В прологе выступает, как это часто бывает у нашего поэта, божество — а именно Афродита. Она разгневана на Лаодамию, жертвой ее гнева пал — быть может, от руки ее сына Энея — молодой муж виновной, расставшийся с нею в первый же день после брачной ночи. Теперь царь Акаст готовит для нее новую свадьбу, но ей не бывать: она внушила невесте-вдове неестественную любовь, которая будет причиной ее гибели.
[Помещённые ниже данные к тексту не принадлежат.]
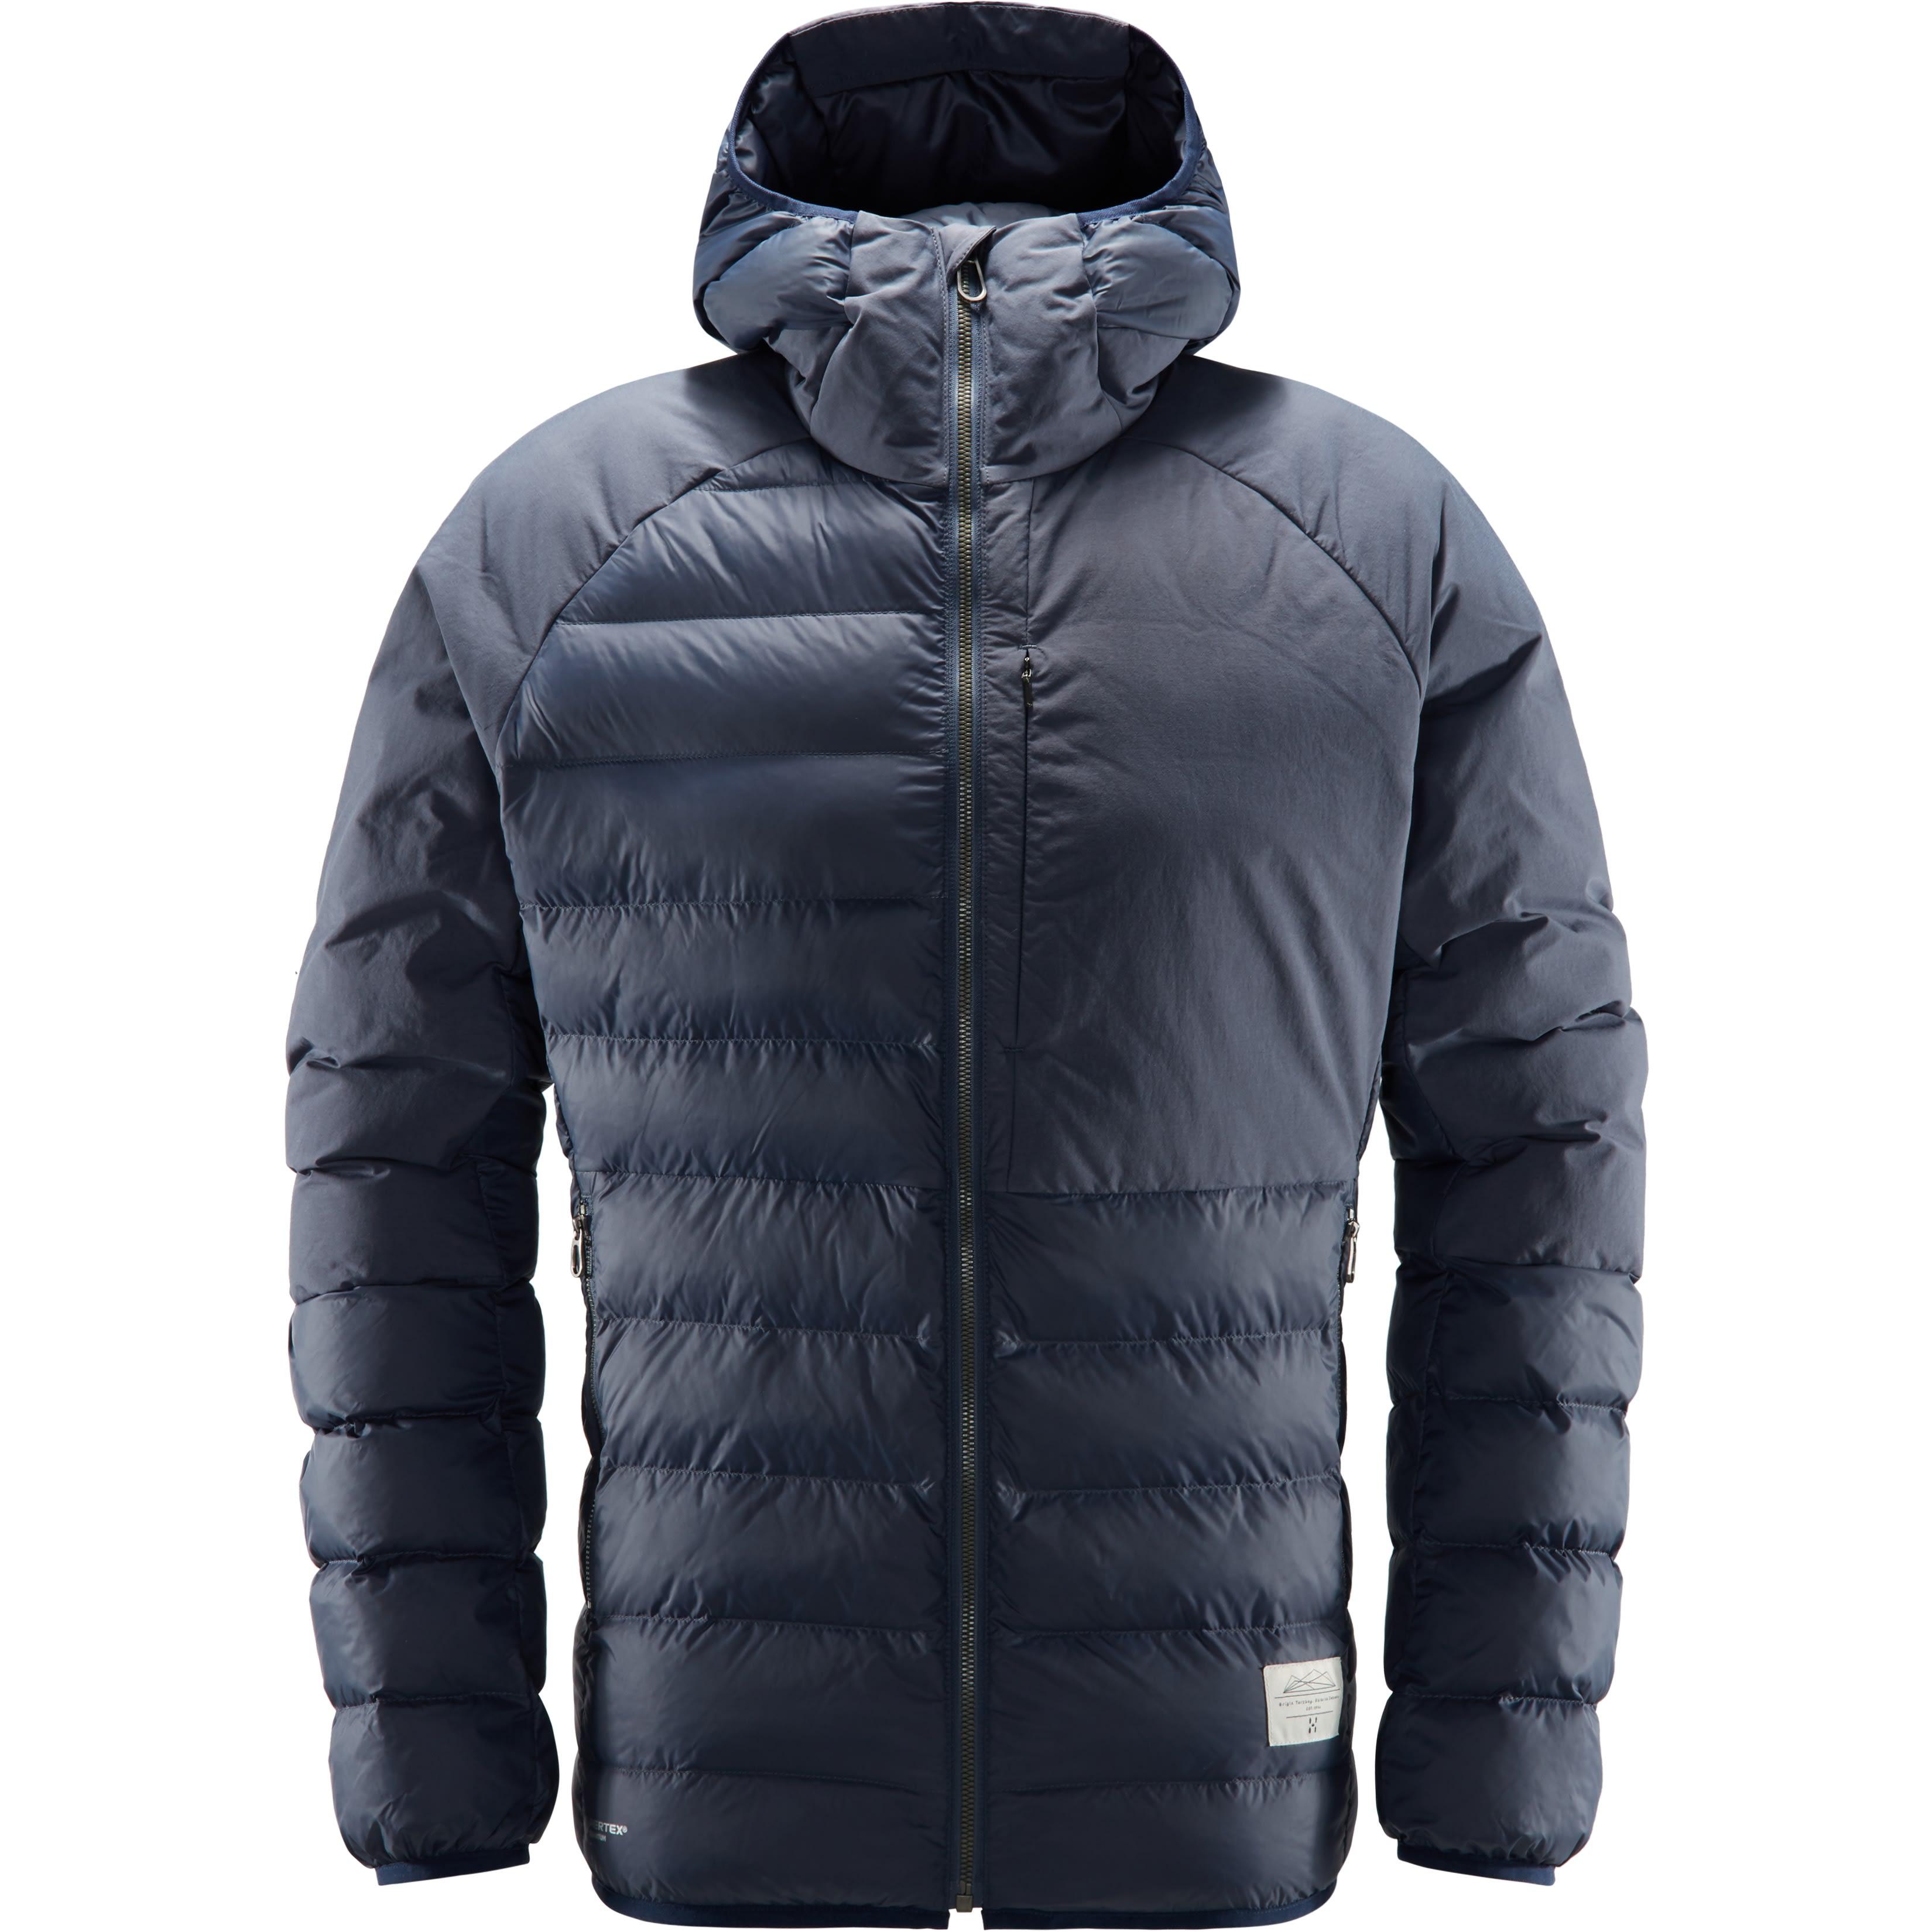 Hagl/öfs Mens Dala Mimic Hood Jacket
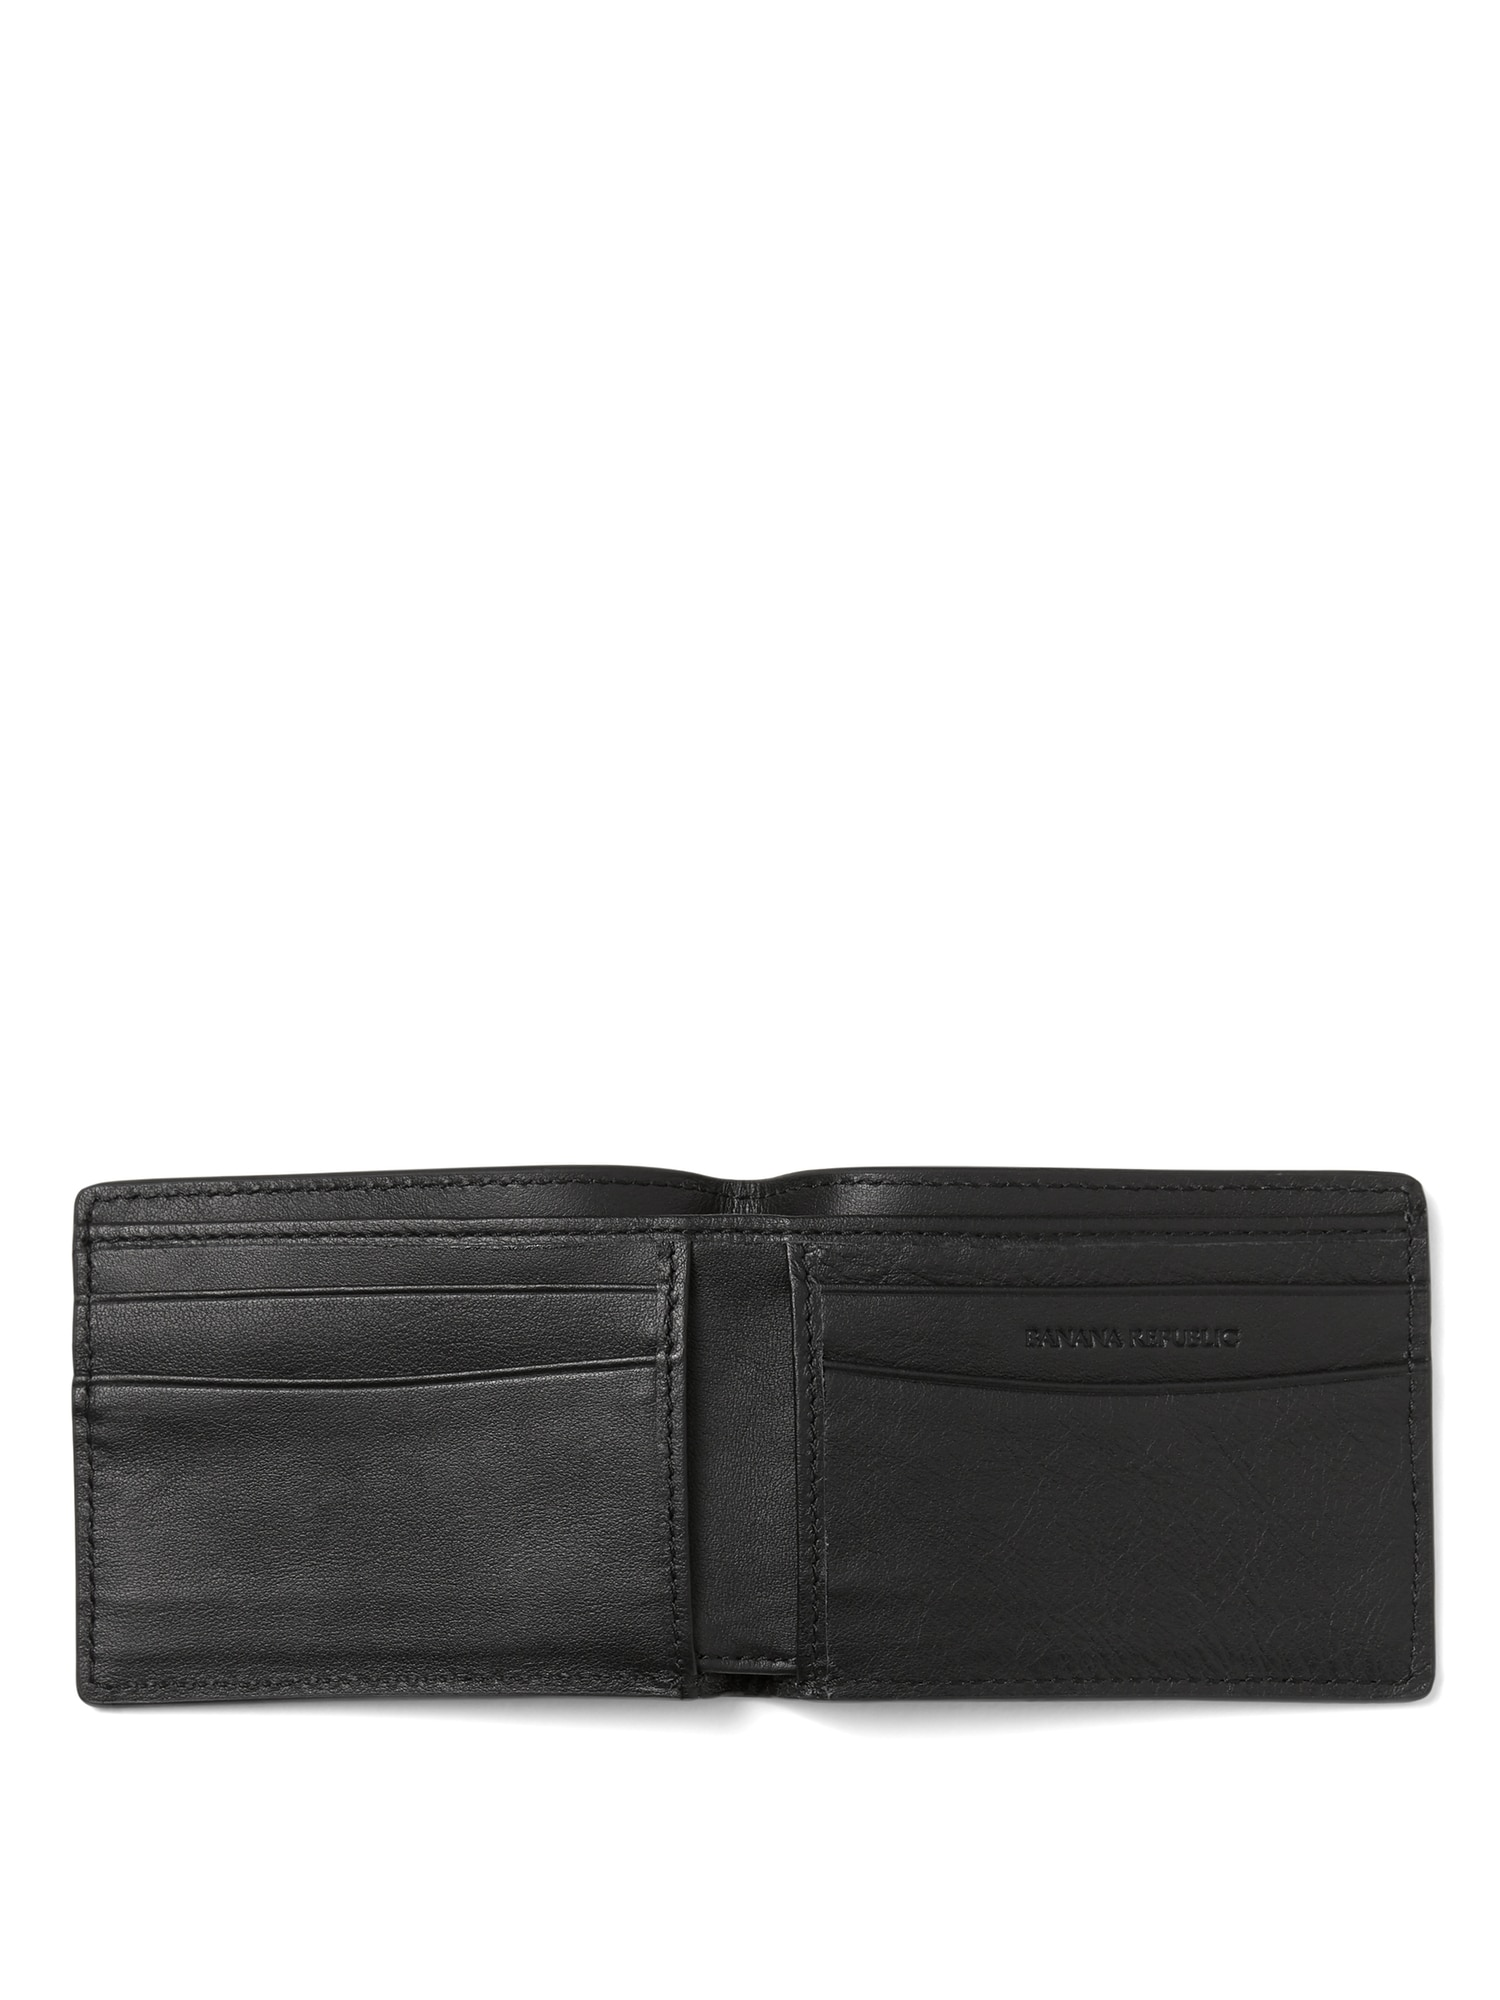 84b3d48d Leather Billfold Wallet | Banana Republic

Сходятся филакийския жены, подруги Лаодамии (это — хор трагедии), они хотят уговорить ее, ввиду предстоящей свадьбы, отказаться от траура и надеть приличествующий случаю наряд. Лаодамия выходит к ним, к их утешениям и советам она глуха, видно, что ее мысли где-то далеко и всего менее с ее новым женихом. Иногда странная, загадочная улыбка скользит по ее устам, с нетерпением ждет она наступления ночи. Подругам она говорит, что хочет очиститься вакхическими обрядами, которые должны быть недоступны непосвященным, удаляясь, она просит их спеть вакхическую песню в честь бога, что они и делают.
Следующее происходит за сценой, в терему Лаодамии, и делается известным зрителю позднее, через очевидца — как это принято в греческой трагедии. С немногими наперсницами Лаодамия вошла в заповедную комнату своего терема, здесь, в крытой зеленью беседке, увенчанный плющом, стоит восковой кумир Протесилая, преобразованный в Диониса. Флейты играют, кимвалы гудят, под звуки этой оглушительной музыки вдова-вакханка справляет свою мистическую свадьбу с новым Дионисом — подобие той, которую ежегодно справляла в древнейшем афинском святилище на Лимнах супруга архонта-царя с тем же Дионисом, в память афинской царицы Ариадны…
Знала ли Лаодамия, что она делала, воздавая такие почести восковому кумиру? Знала ли она о таинственной, магической связи между восковым изображением и изображаемым? Страстные, восторженные призывы, обращенные к бездушному подобию Протесилая, проникли к нему самому, врата смерти слабеют перед силою чар, царь подземных отпускает вызванную душу, Гермес провожает ее обратно в мир живых. В исступлении дионисовой пляски Лаодамия упала, изнуренная, к подножию своего кумира, внезапно перед нею предстал сам Протесилай, молодой и прекрасный — каким он был, когда прощался с нею, отправляясь в роковой поход. Этот момент трагедии изображен на знаменитом саркофаге, хранящемся в церкви св. Клары в Неаполе.
Ночь прошла, стало светать. К терему Лаодамии приближается служитель с плодами для жертвоприношения. Обыкновенно она бывает готова в это время, теперь же все тихо, дом молчит. Что бы это могло значить? Он смотрит сквозь щель — и в ужасе отшатывается. Так вот она, значит, эта прославленная верность его молодой госпожи! Вот зачем она так упорно отказывается от нового брака! А впрочем, разве не все женщины таковы? С проклятиями по адресу слабого пола идет он рассказать царю Акасту о своем открытии.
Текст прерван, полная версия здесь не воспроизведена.